Het was woensdag, dus de weg ging pas om 10.00 uur open. Toen we de weg op mochten, reden we in colonne. We zaten nog redelijk vooraan in de trein, achter ons volgden tientallen andere auto’s. Het was een mooi rondje, maar we waren natuurlijk vooral aan het loeren naar wildlife. We waren al zo’n driekwart op weg zonder iets gezien te hebben, dus ik had de hoop al een beetje laten varen, tot er ineens allemaal auto’s aan de kant stonden met een paar drukgebarende rangers. Een beer! Ook wij zetten de auto aan de kant en stapten uit. Hij was al wat verder weg, maar we konden hem nog wel goed zien. Even gekeken en weer verder gereden, toen een paar honderd meter verderop een paar Japanners druk foto’s aan het maken waren in de berm. Dat kon op zich van alles betekenen, maar ook hier bleek een beer te zitten, zelfs zo dichtbij dat ze er selfies mee aan het maken waren. Wij hielden toch maar iets meer afstand, de keep distance-regels zijn er niet voor niks tenslotte. Nadat we nog wat foto’s hadden gemaakt reden ook wij verder.
We reden de weg weer terug richting hotel.
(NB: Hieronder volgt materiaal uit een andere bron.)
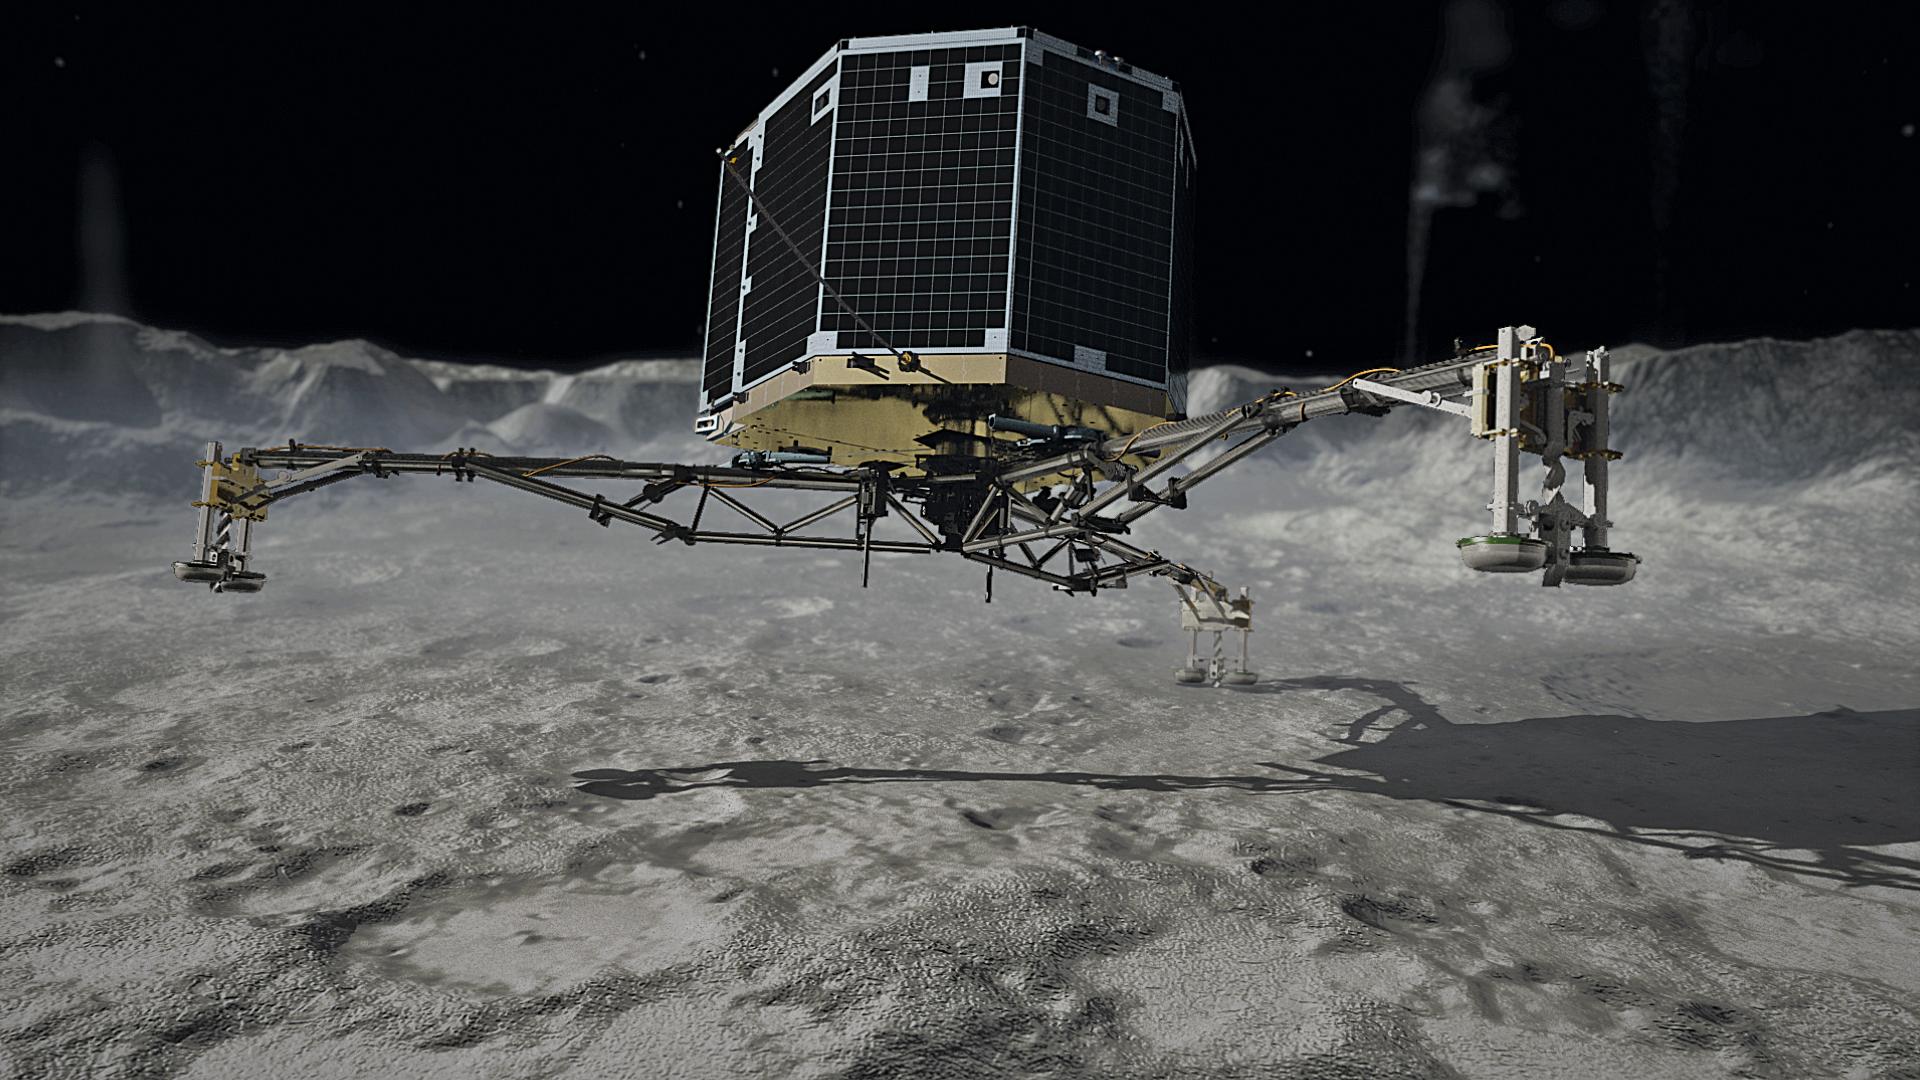 Pokud by modul Philae k přímému zkoumání kometárního jádra neselhal, mohly jsme mít poznatků o složení komety mnohem více.  (Kredit: DLR, ESA, CC-BY 3.0)

Onderweg stopten we een aantal keer op mooie plekjes en ook bij het beginpunt van een korte wandeling richting Laurel Falls die we wel wilden doen. Naar deze waterval liep een pad omhoog van 1,3 mijl, wat natuurlijk niet zoveel is, maar toch best pittig als het pad alsmaar omhoog gaat en het 30 graden is. Uiteindelijk waren we zo’n 30 minuten enkele reis op weg, her en der wat Amerikanen inhalend die bij mijlpaalmarker .2 al bijna niet meer konden. Bij de waterval zelf was het behoorlijk druk, maar het was een mooi plekje. Ook hier zaten weer allemaal mensen doodleuk op het randje en in het water, bizar wat voor risico’s er worden genomen voor een leuke foto, maar goed…
’s Avonds hebben we nog even rondgelopen in het enorm toeristische Gatlinburg. Leuk voor een paar dagen, maar ik denk niet dat ik hier nog een keer terug hoef te komen. De bluegrass band die optrad bij de Ole Smoky Distillery was dan weer wel leuk.